PROBLEM DESCRIPTION – All of the data below should come back exactly as written, minus its images.

DATASET CONTENT –
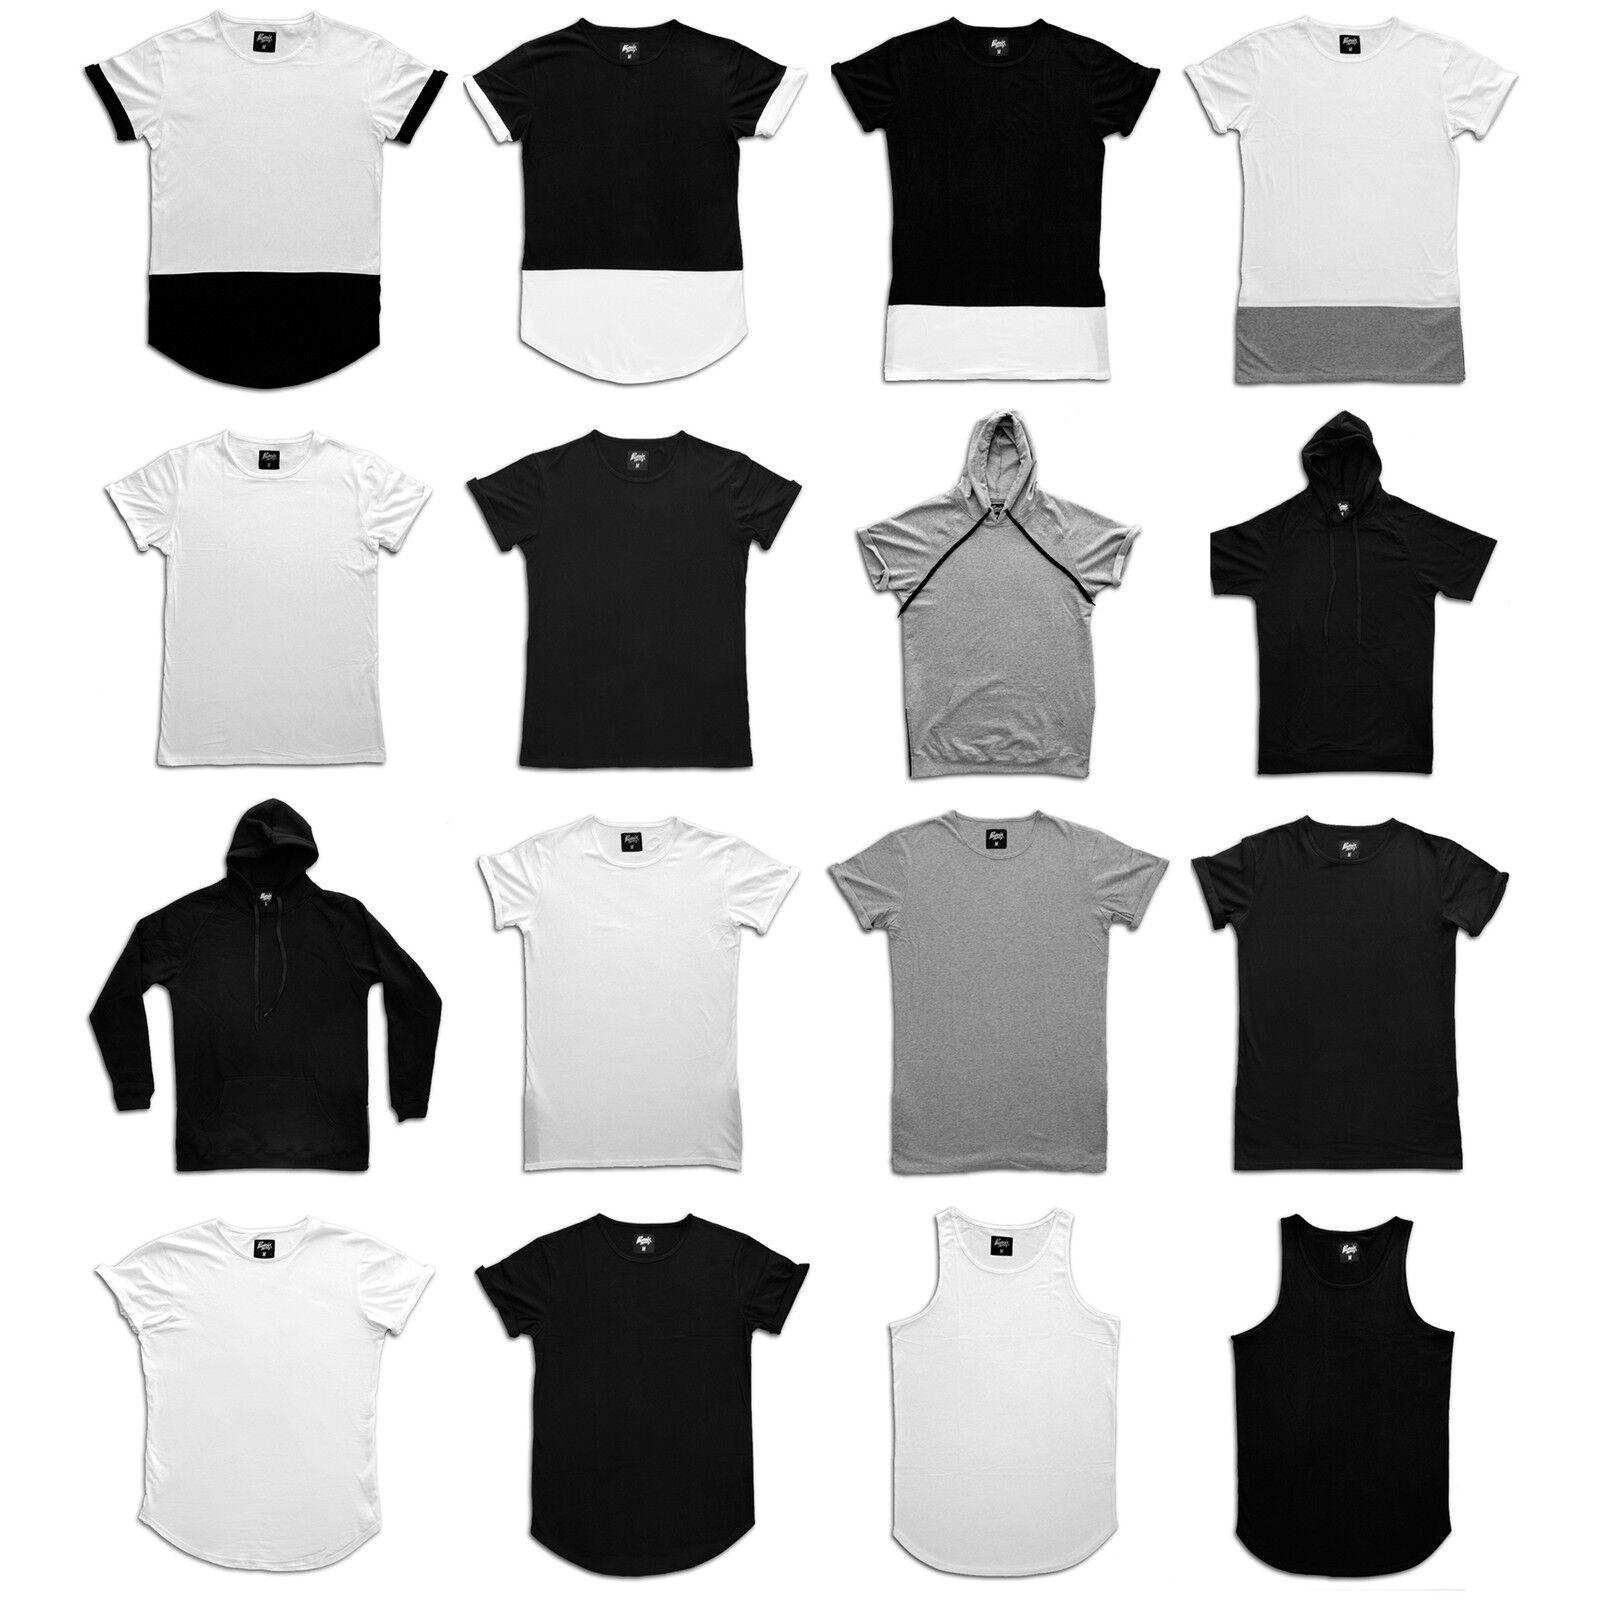 Phoenix Basics T-Shirt Hoodie Tank Top Longshirt Men's Side Zip Oversize Men
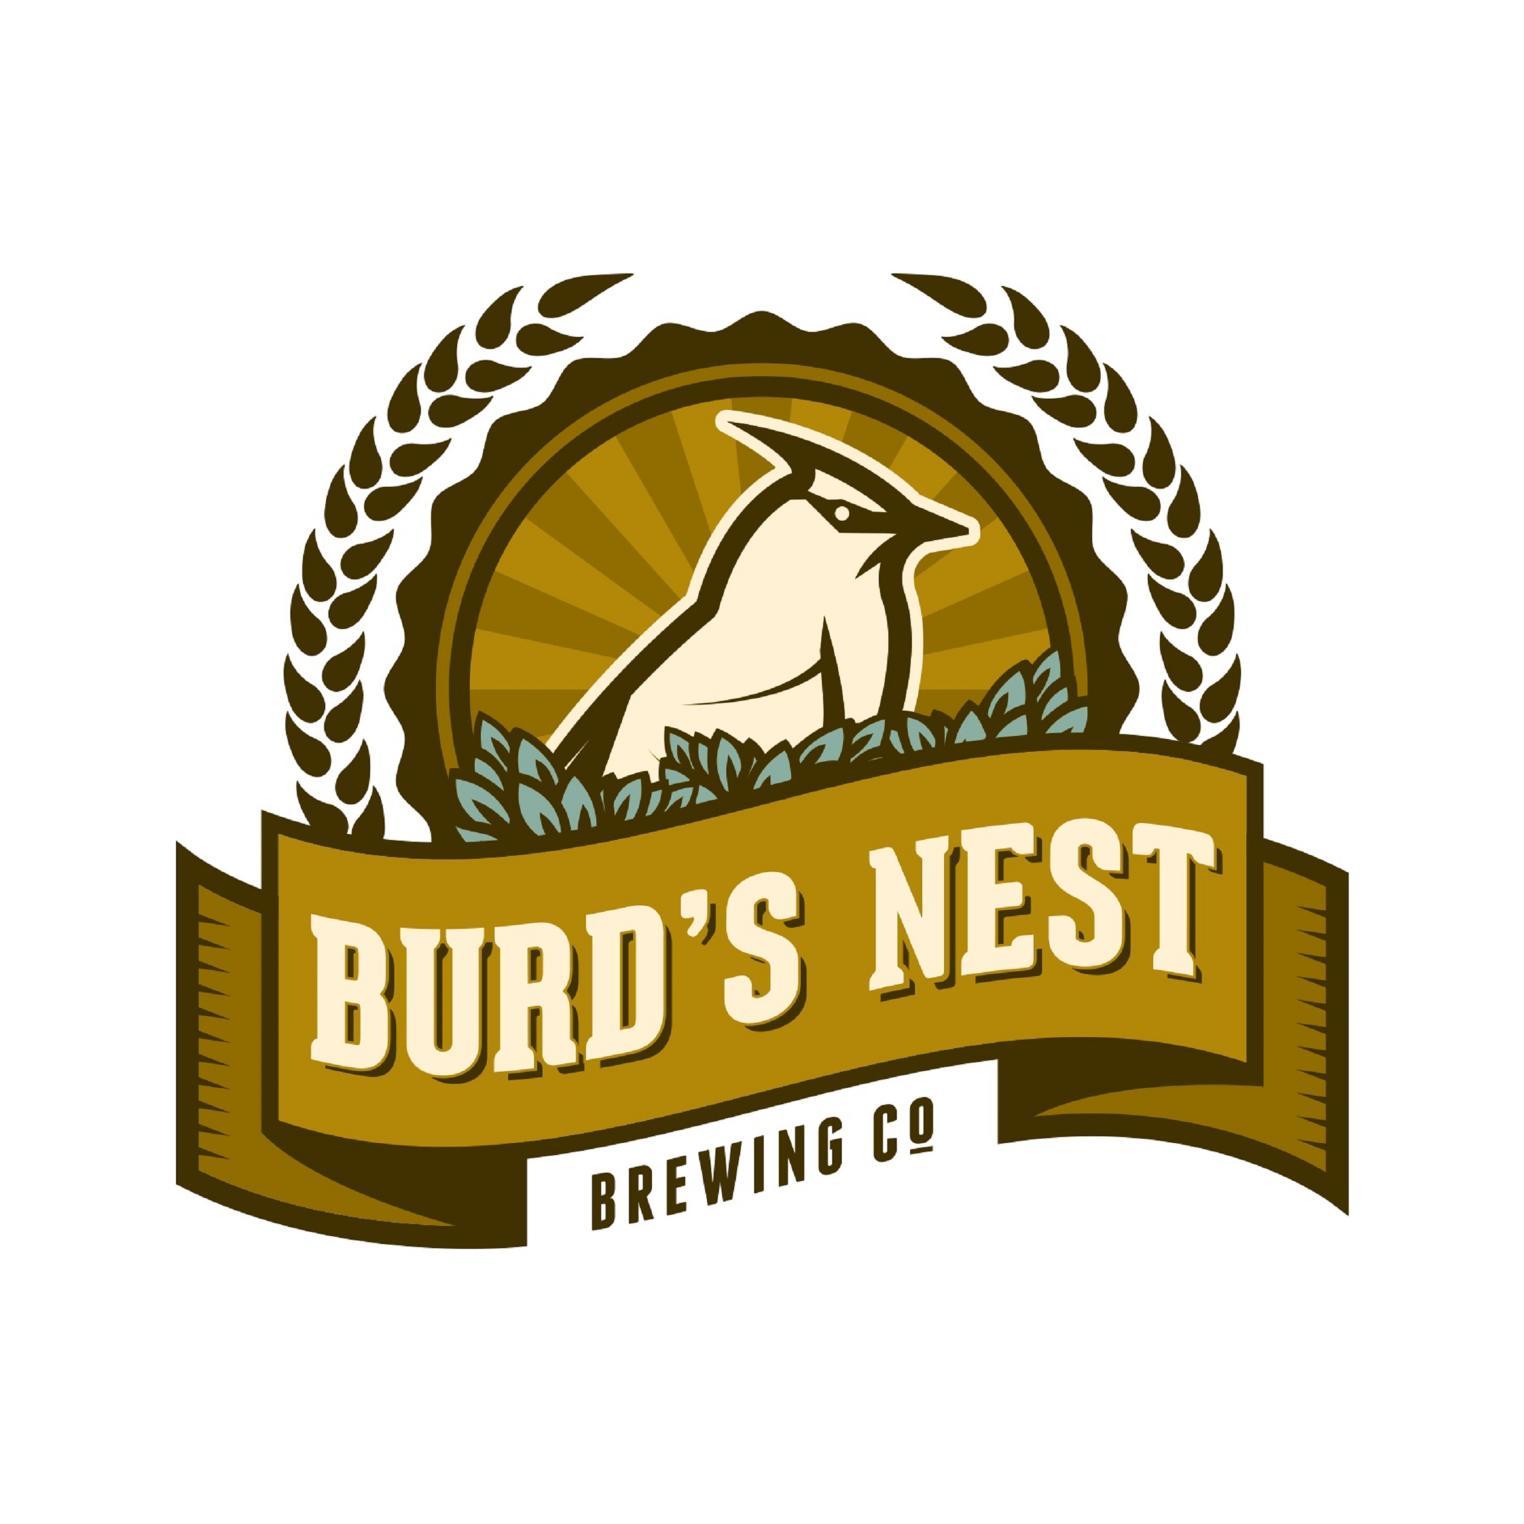 Burd's Nest Brewery
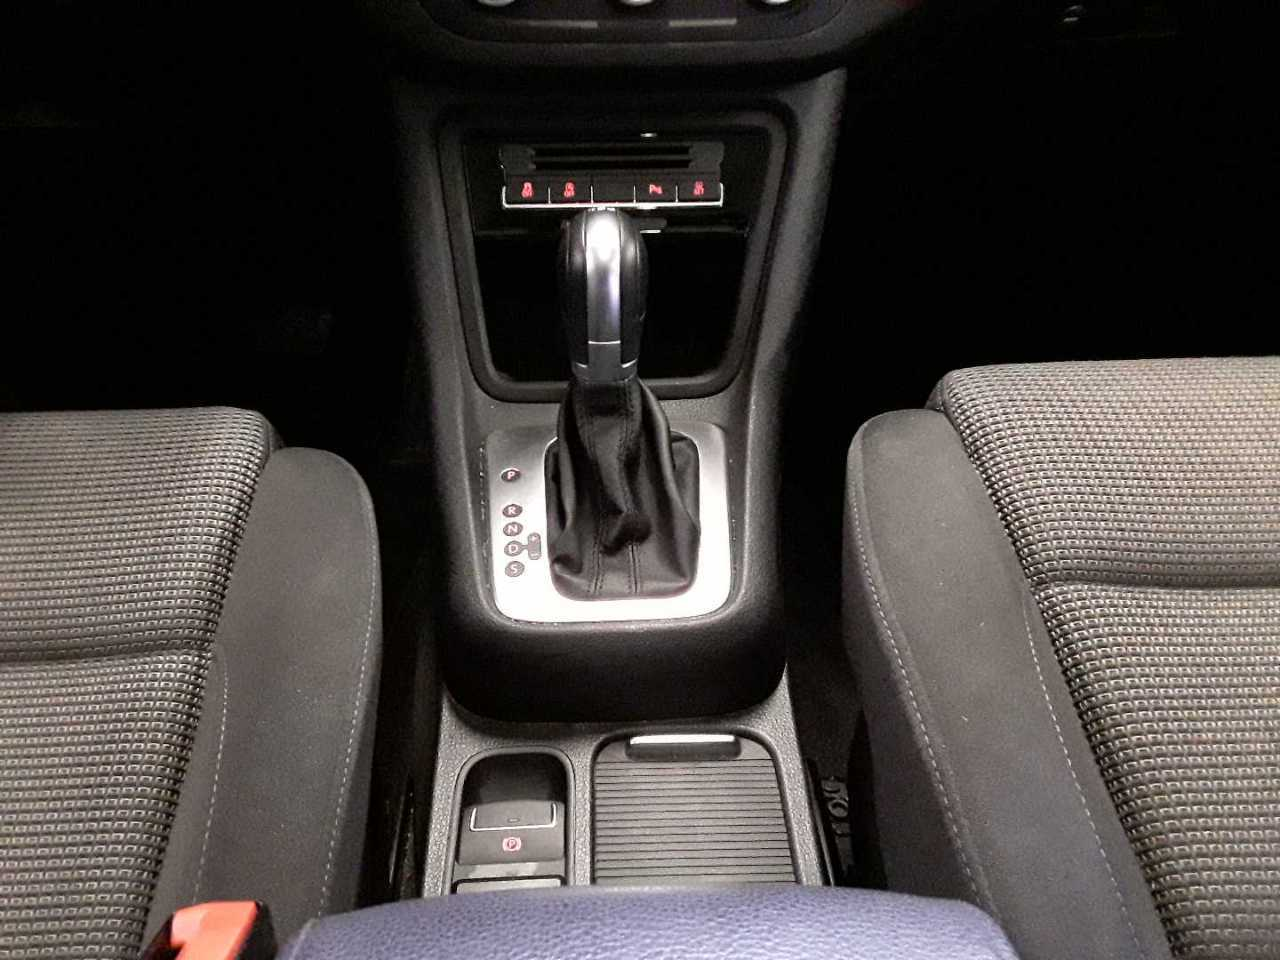 VW Sharan 2.0 TDI DSG Comfortline Navi AHK
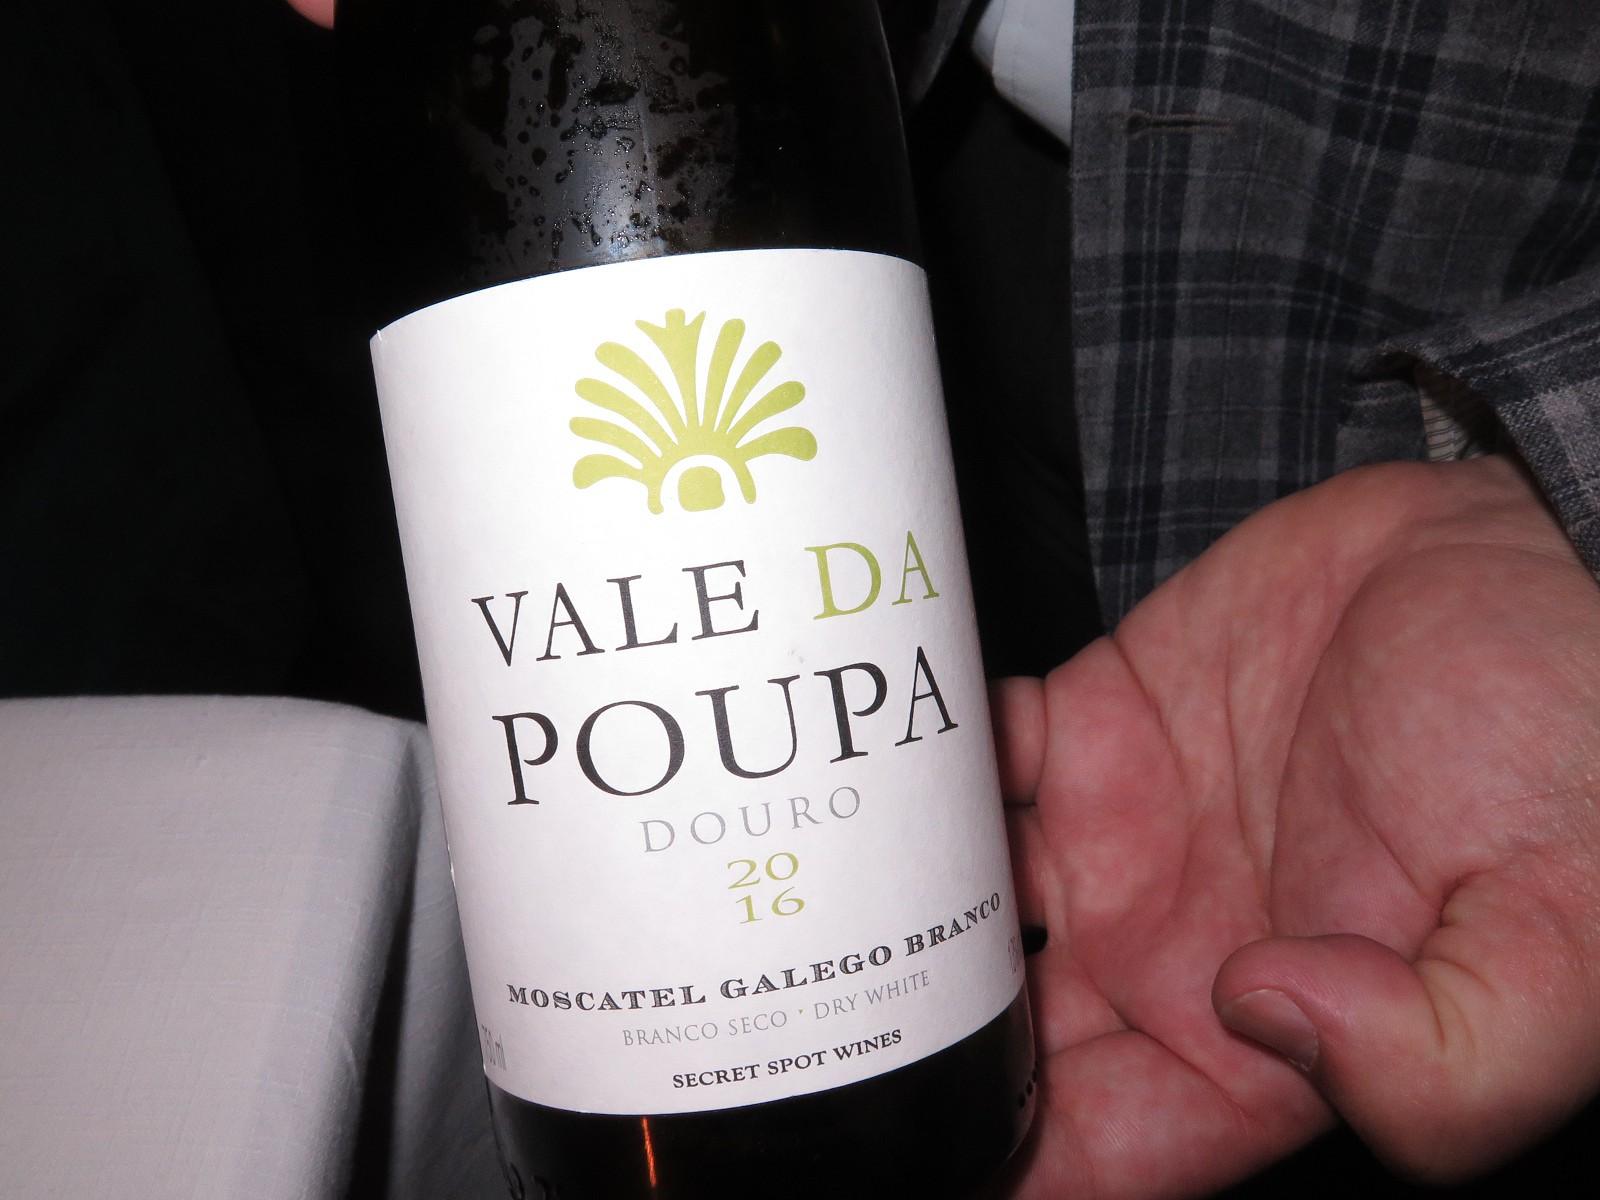 Vale da Poupa Moscatel Galego Branco 2016

WRITTEN ANSWER –
 Phoenix Basics T-Shirt Hoodie Tank Top Longshirt Men's Side Zip Oversize Men
 Burd's Nest Brewery
 VW Sharan 2.0 TDI DSG Comfortline Navi AHK
 Vale da Poupa Moscatel Galego Branco 2016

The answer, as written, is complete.